The 2020 budget indicates a total expenditure of SAR 1.02 trillion, SAR 833 billion of projected revenues, and an expected budget deficit of SAR 187 billion, equivalent to 6.4% of the gross domestic product (GDP).

“The proposed budget focuses on maintaining fiscal stability and sustainability, improving the diversification of revenue sources, and taking measures to advance the economic and social development of the country,” Abdullah Al Fozan, Chairman of KPMG in Saudi Arabia, said.

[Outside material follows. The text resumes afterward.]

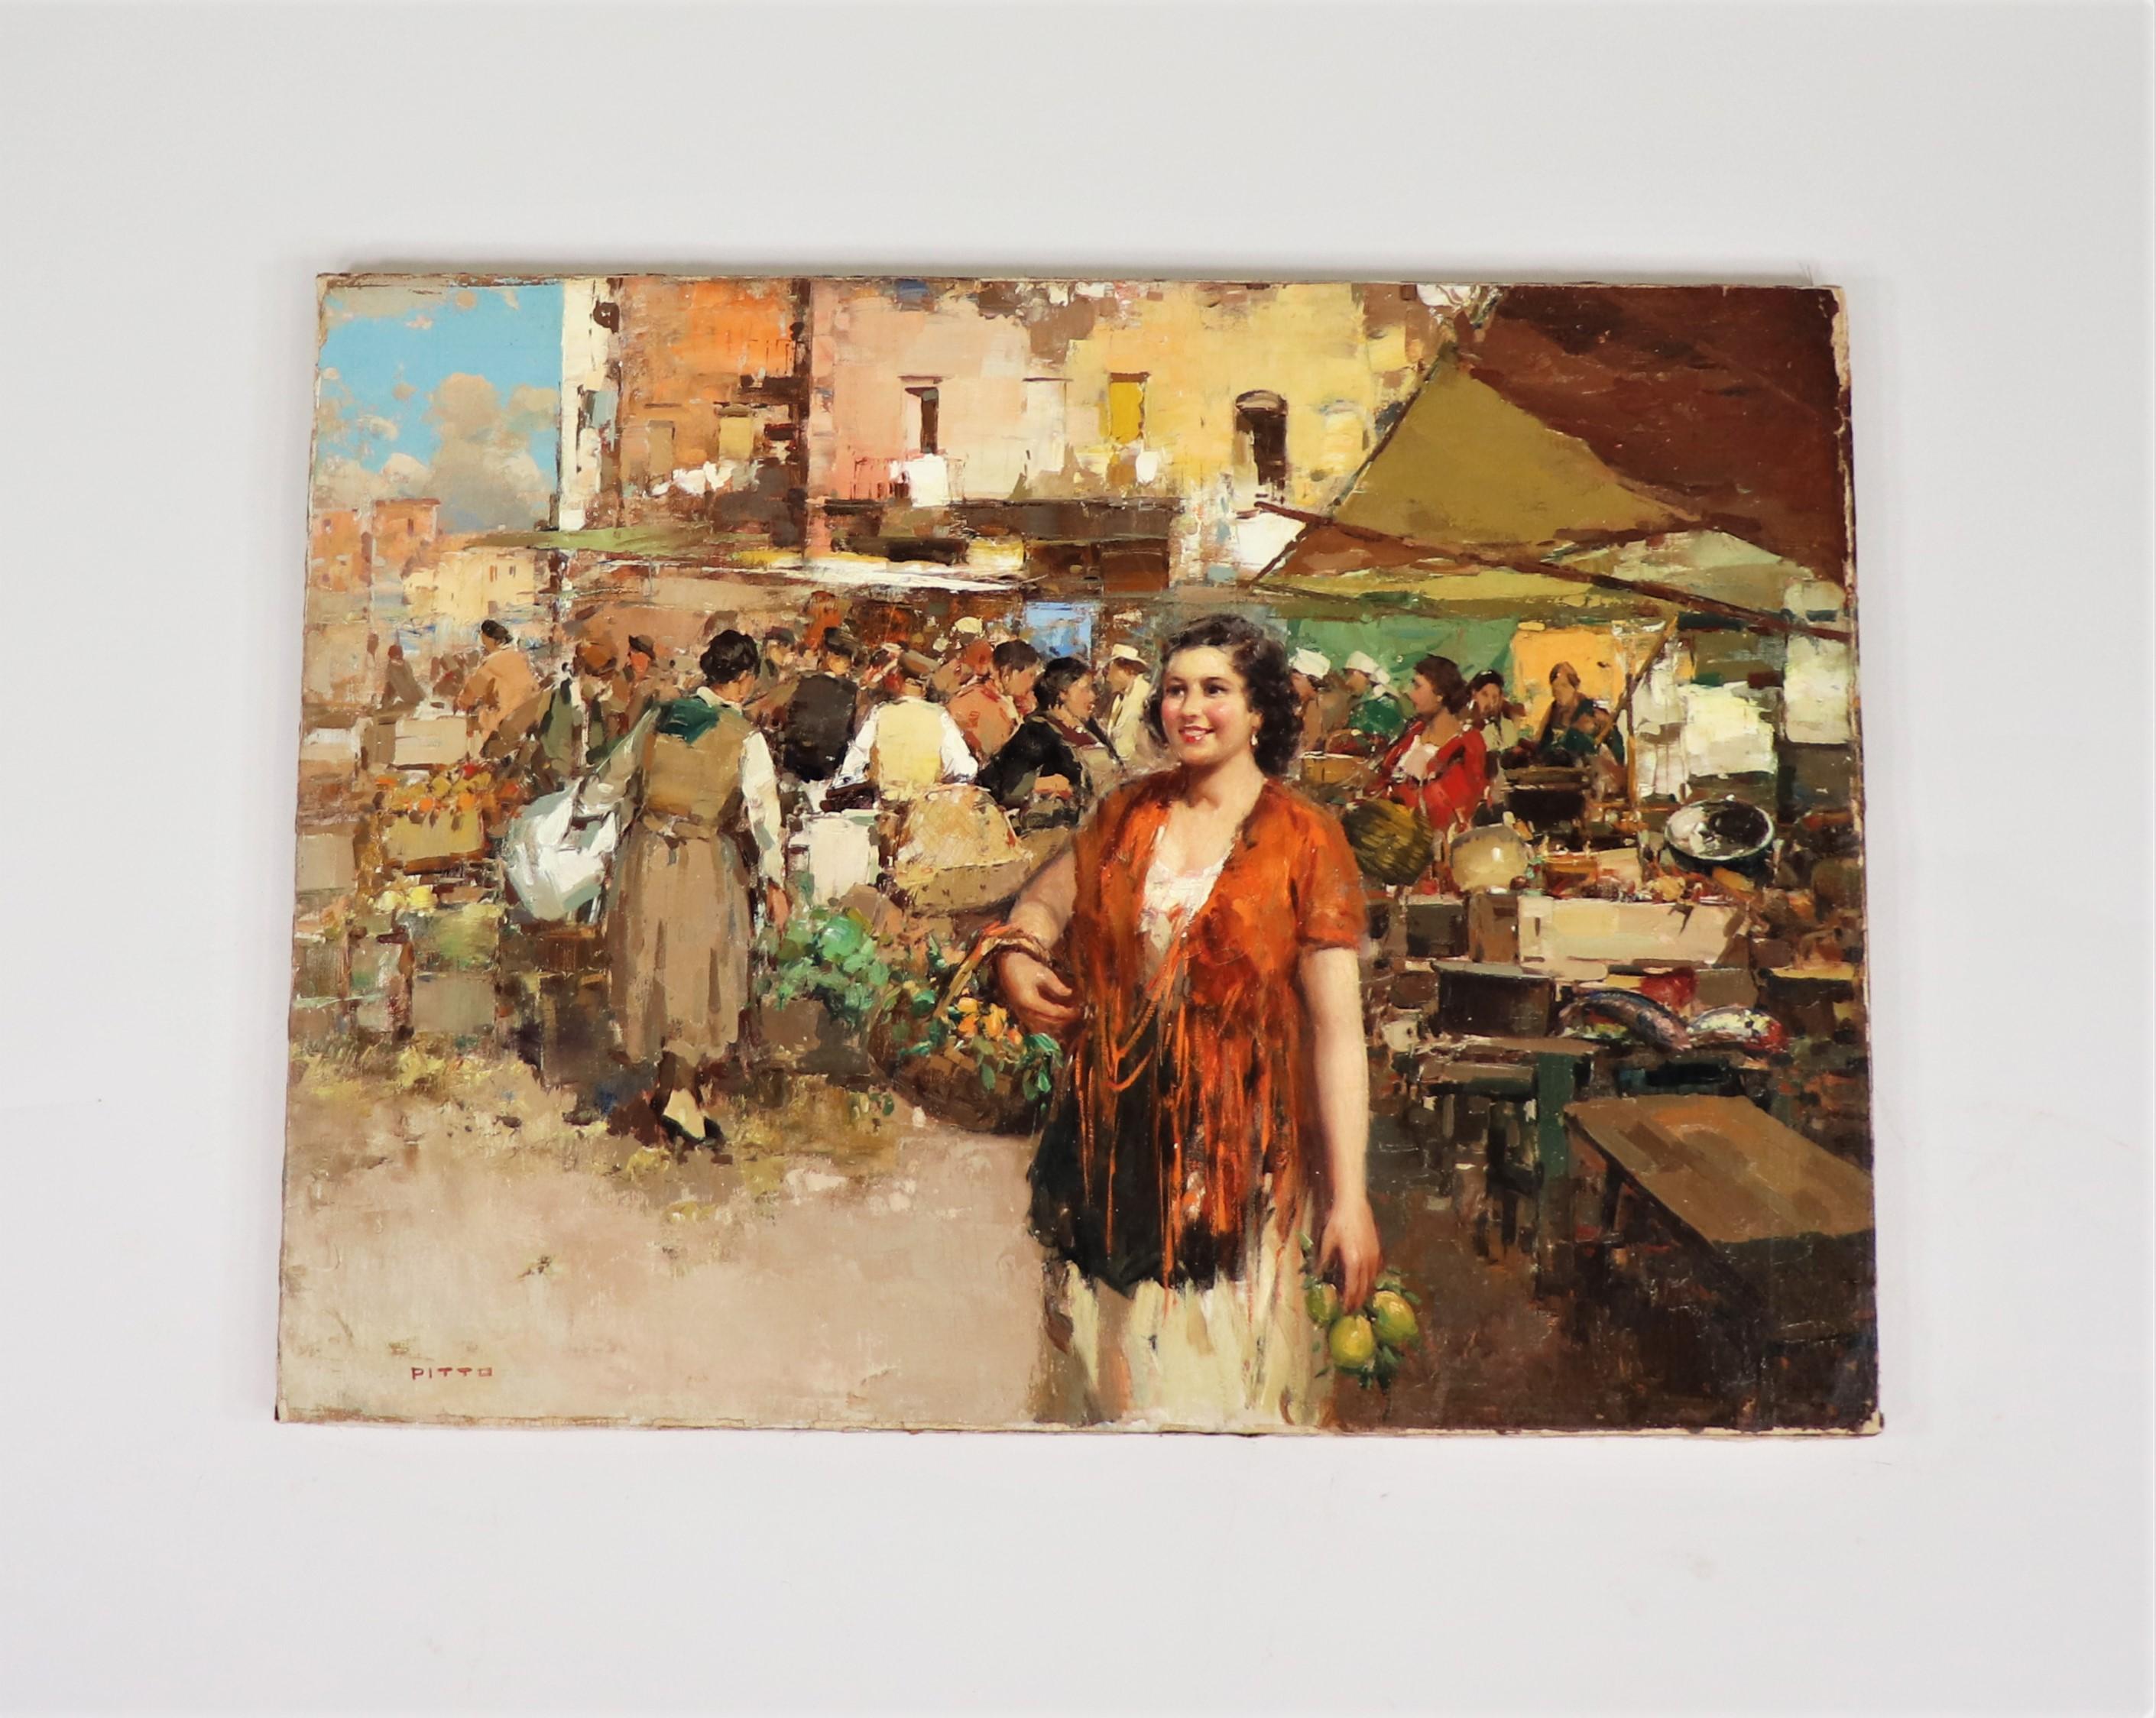 Giuseppe Pitto (Italian 1857 - 1928) is often known for his paintings depicting pretty women in Italian street markets. This exuberantly painted scene is done in the realist style. Realism emerged as a major art movement from 1840 to 1900. It was a

“Despite the oil market volatility, which had some impact on the expenditure, the government has made notable progress on the Vision Realization Programs. In addition, the allocation of over SAR 1 trillion budget expenditure for 2020 demonstrates the government’s commitment towards driving economic growth,” he added.

Around 62% of revenue is mainly driven by oil revenue, while public debt is anticipated to reach SAR 754 billion, at 26% of the estimated 2020 GDP, growing by 11.2% compared to the previous year.

Real GDP growth is expected at 2.3% next year, as a result of relatively stable oil prices, implementation of Vision 2030 programs, and increased spending on infrastructure.

On the other hand, non-oil revenue is expected to touch a new high of SAR 320 billion in 2020, compared to a forecast SAR 315 billion in 2019, expanding by 1.6%, KPMG noted, pointing to the government’s continued efforts to develop non-oil sectors with a higher economic and social return.

Tax revenues are projected to grow by 1.2% to around SAR 200 billion in 2020, compared with SAR 203 billion in 2019, with taxes on goods and services set to provide the largest share of non-oil revenue at 44.4%.

Debt-to-GDP ratio is expected to equal 28% by 2021, compared to 25% predicted last year, due to volatility in the oil prices in 2019, however, Kingdom’s debt-to-GDP ratio remained significantly lower than many of its peers, the report indicated.

It is worth noting that with a total expenditure of SAR 1.02 trillion, the 2020 budget includes the allocation of SAR 193 billion for education, while spending on healthcare amounted to SAR 167 billion, making a combined 35% of the total spending.